■ **Data segment**:
====

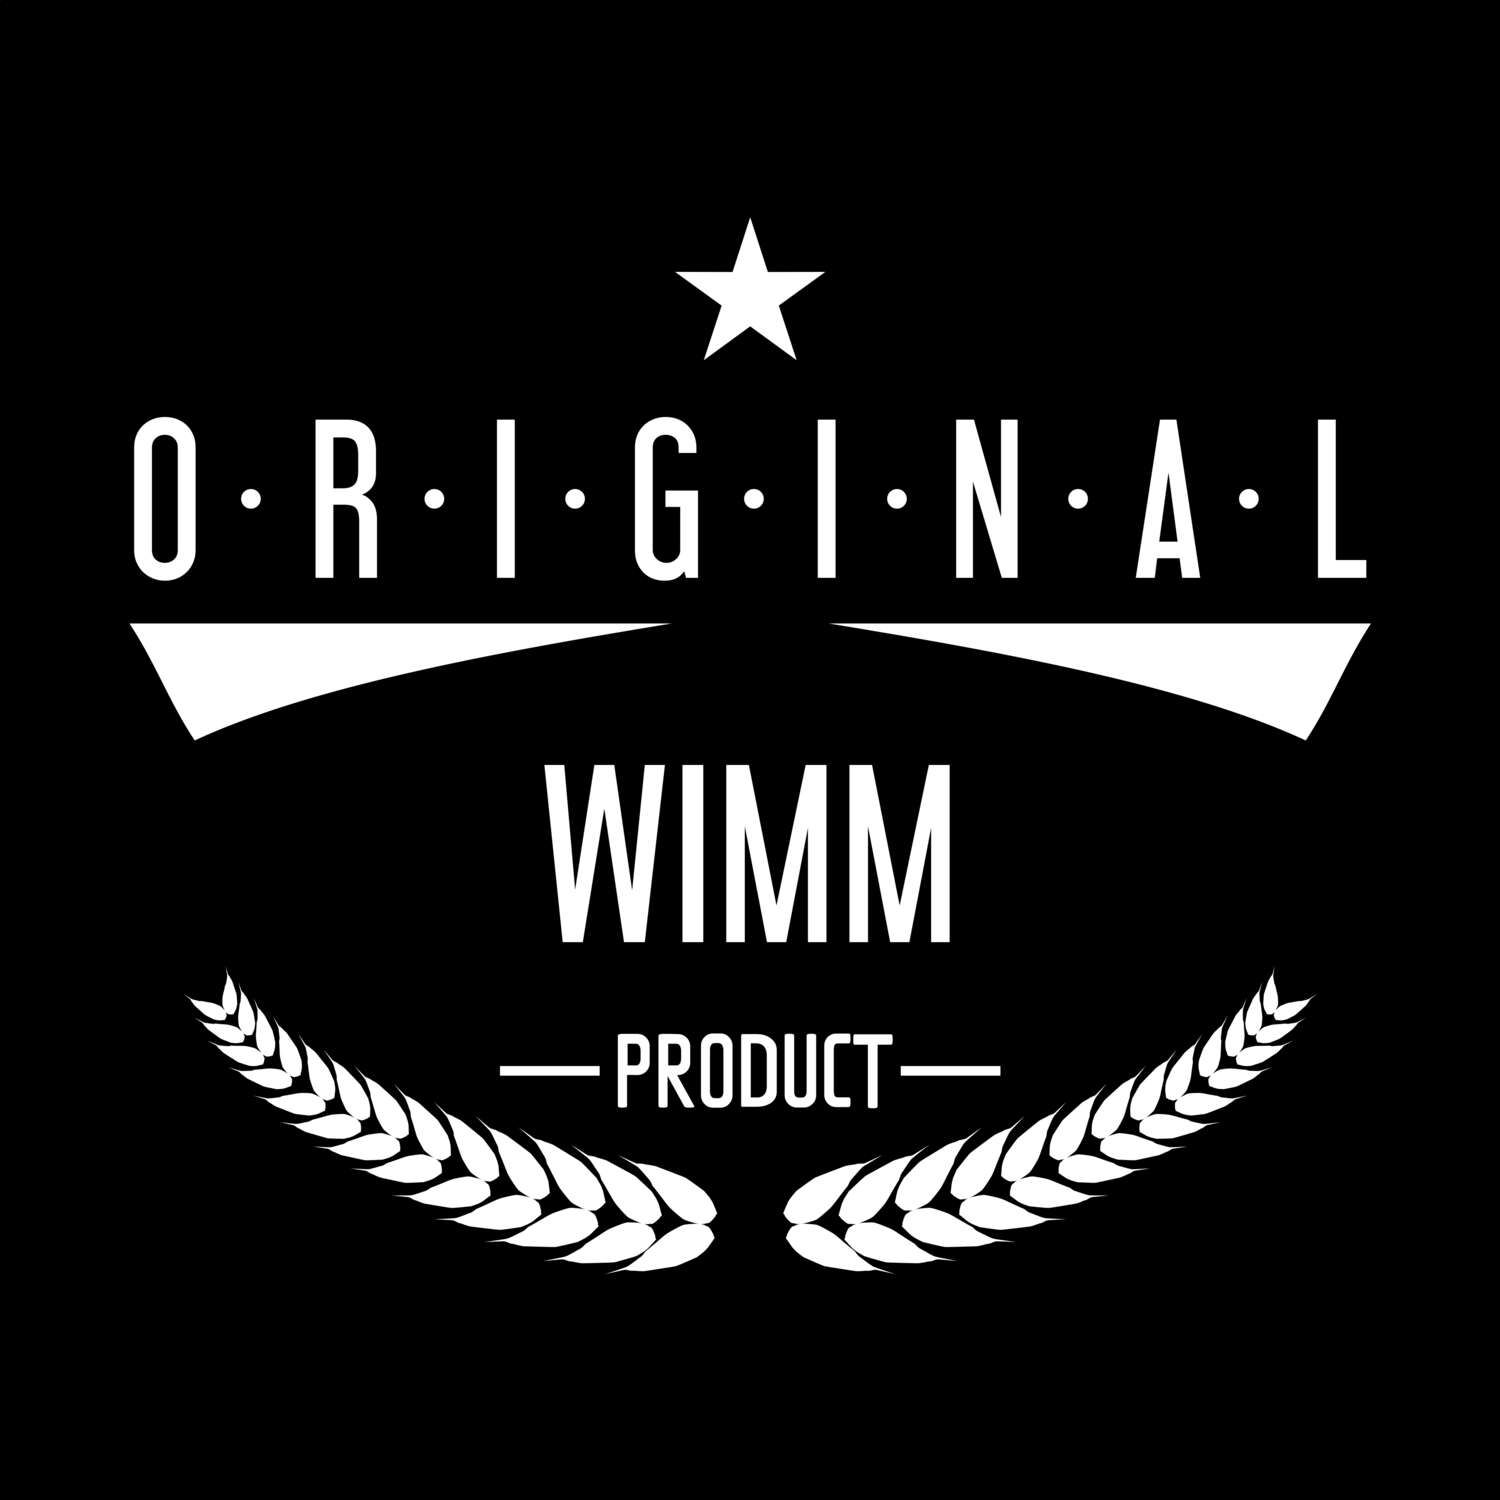 Wimm T-Shirt »Original Product«
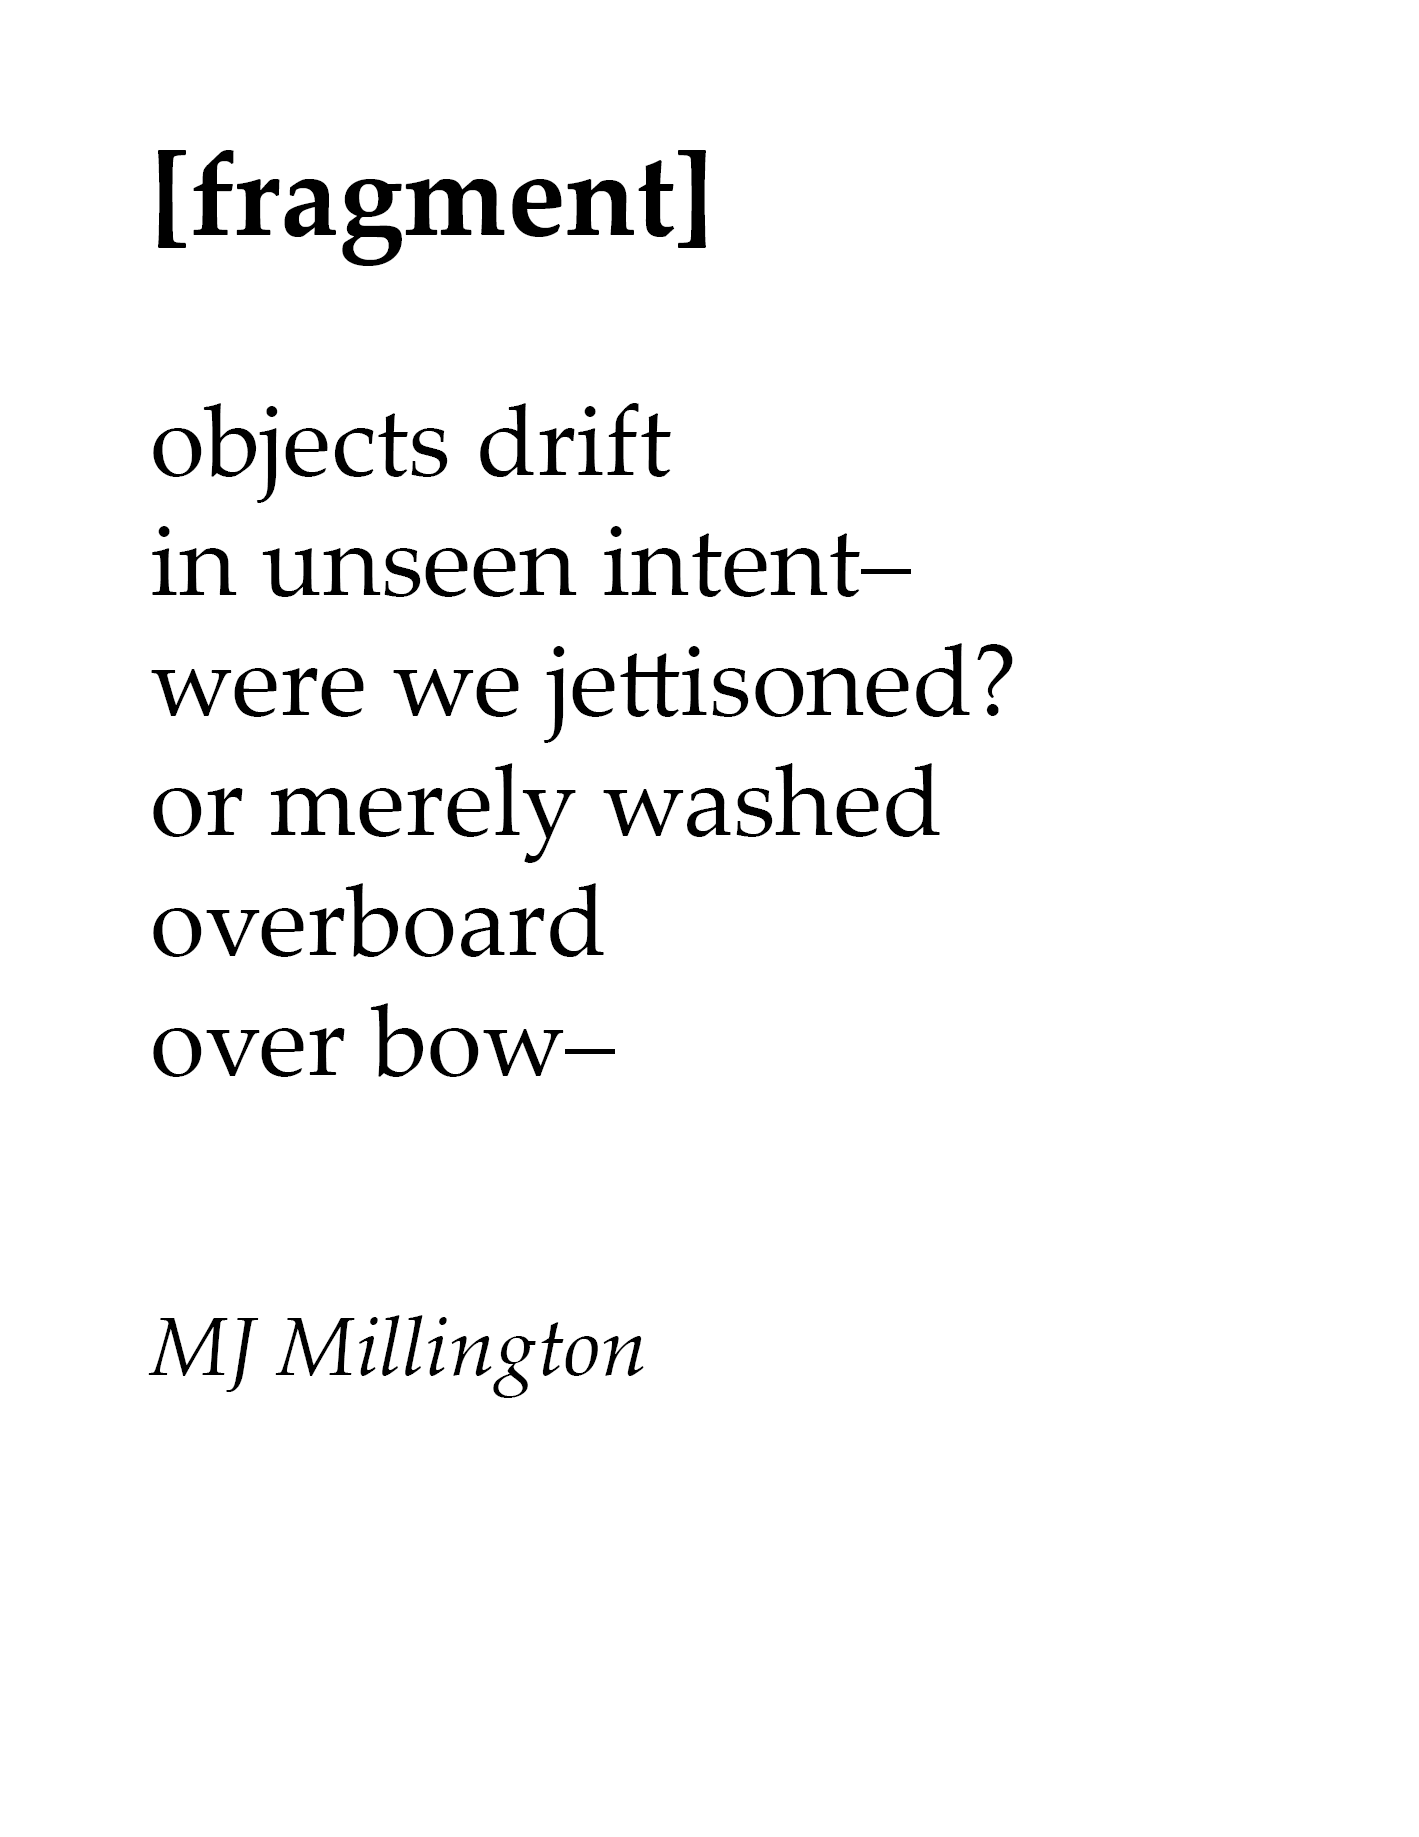 Ostrakon poem fragments9.png
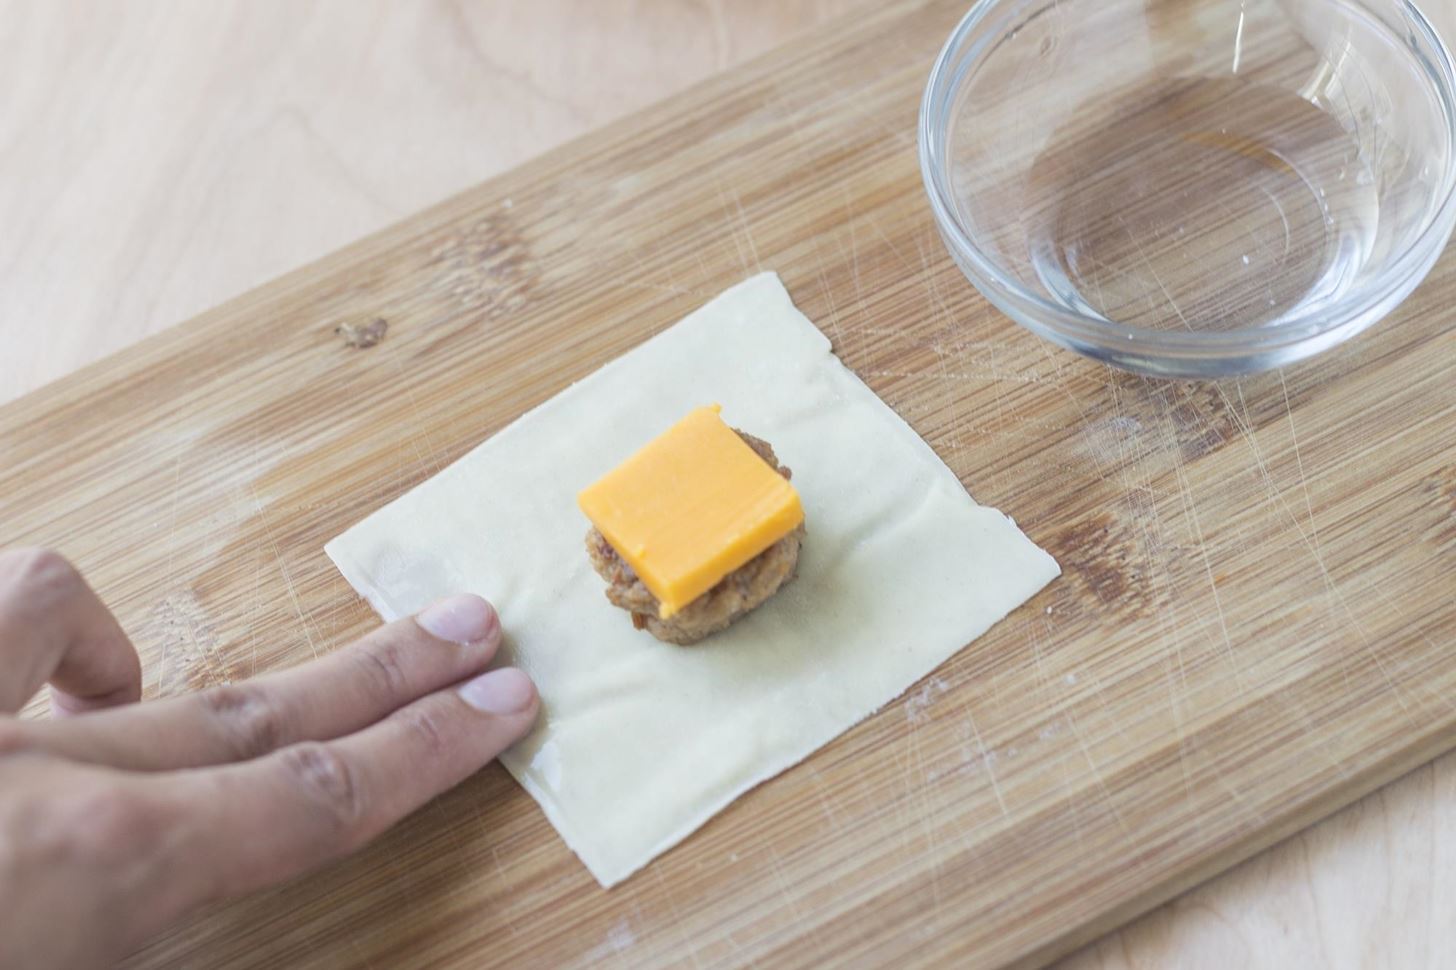 Get Creative: Make Dumplings with Cheeseburgers & Kielbasa
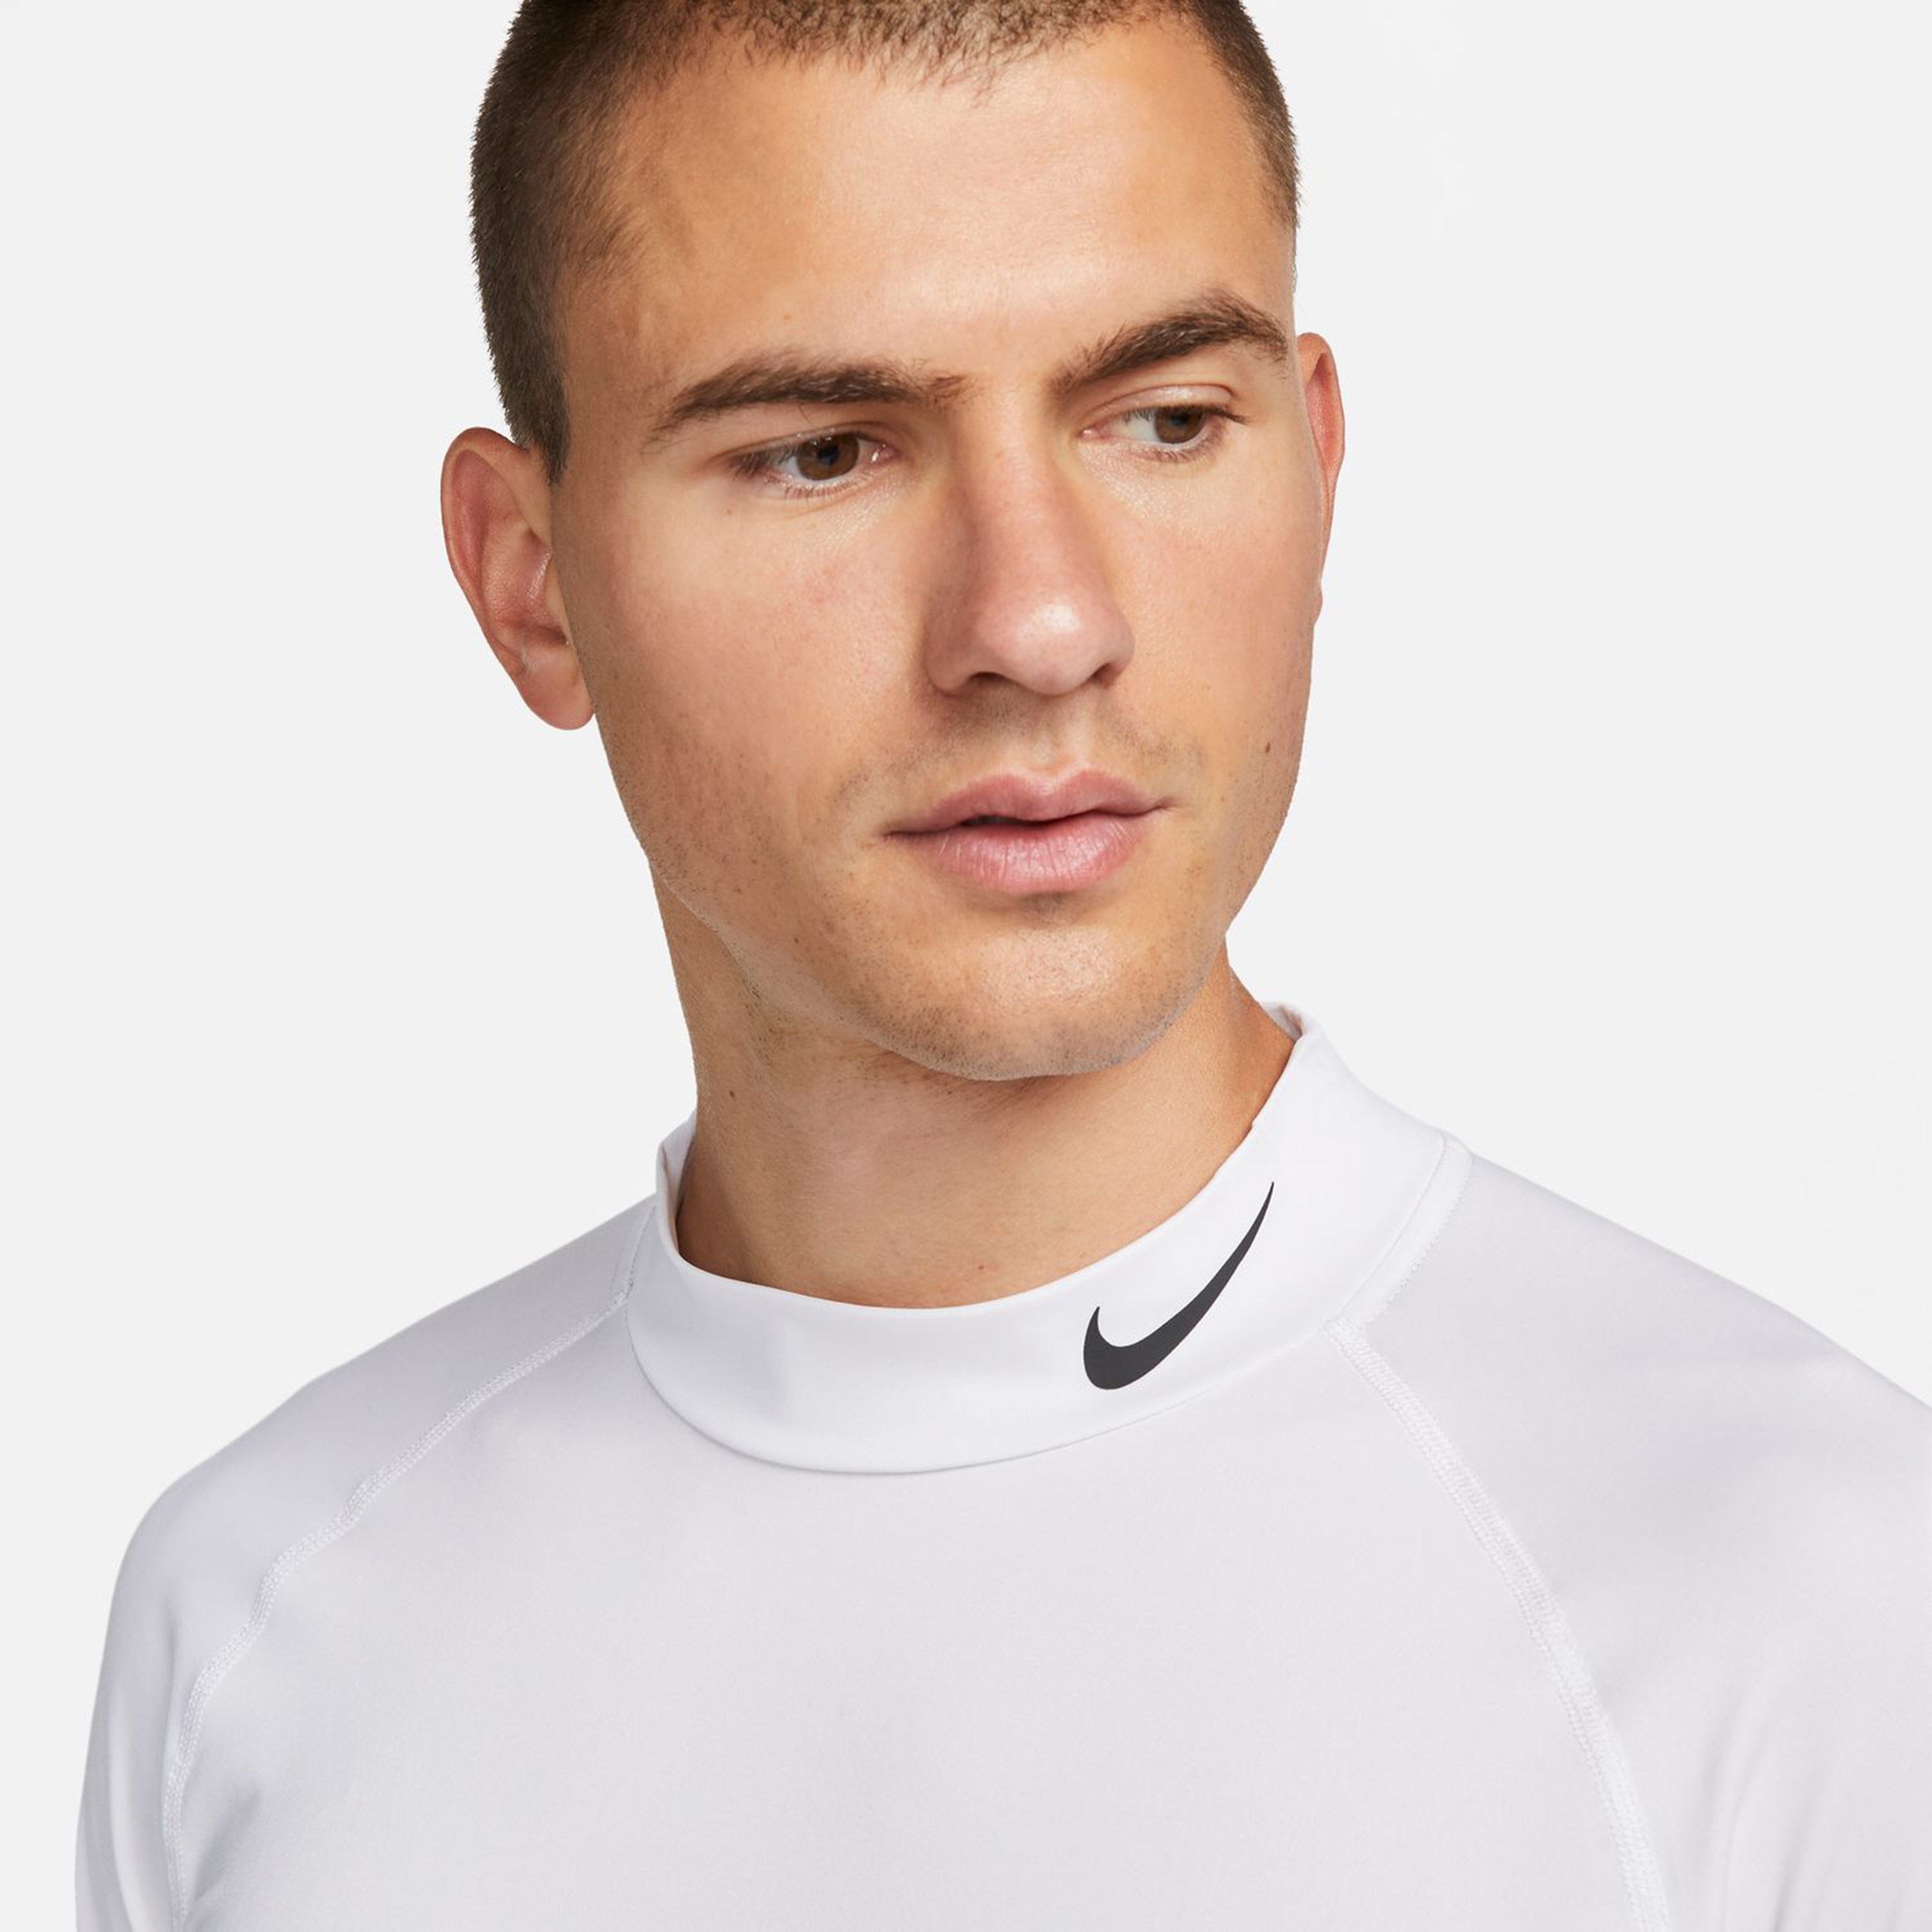 Buy Nike Dri-Fit Long Sleeve Men White online | Tennis Point COM

====

■ **Goal of the exercise**:
Repeat the data exactly, dropping every picture it holds.

■ **Answer area**:
 Wimm T-Shirt »Original Product«
 Ostrakon poem fragments9.png
 Get Creative: Make Dumplings with Cheeseburgers & Kielbasa
 Buy Nike Dri-Fit Long Sleeve Men White online | Tennis Point COM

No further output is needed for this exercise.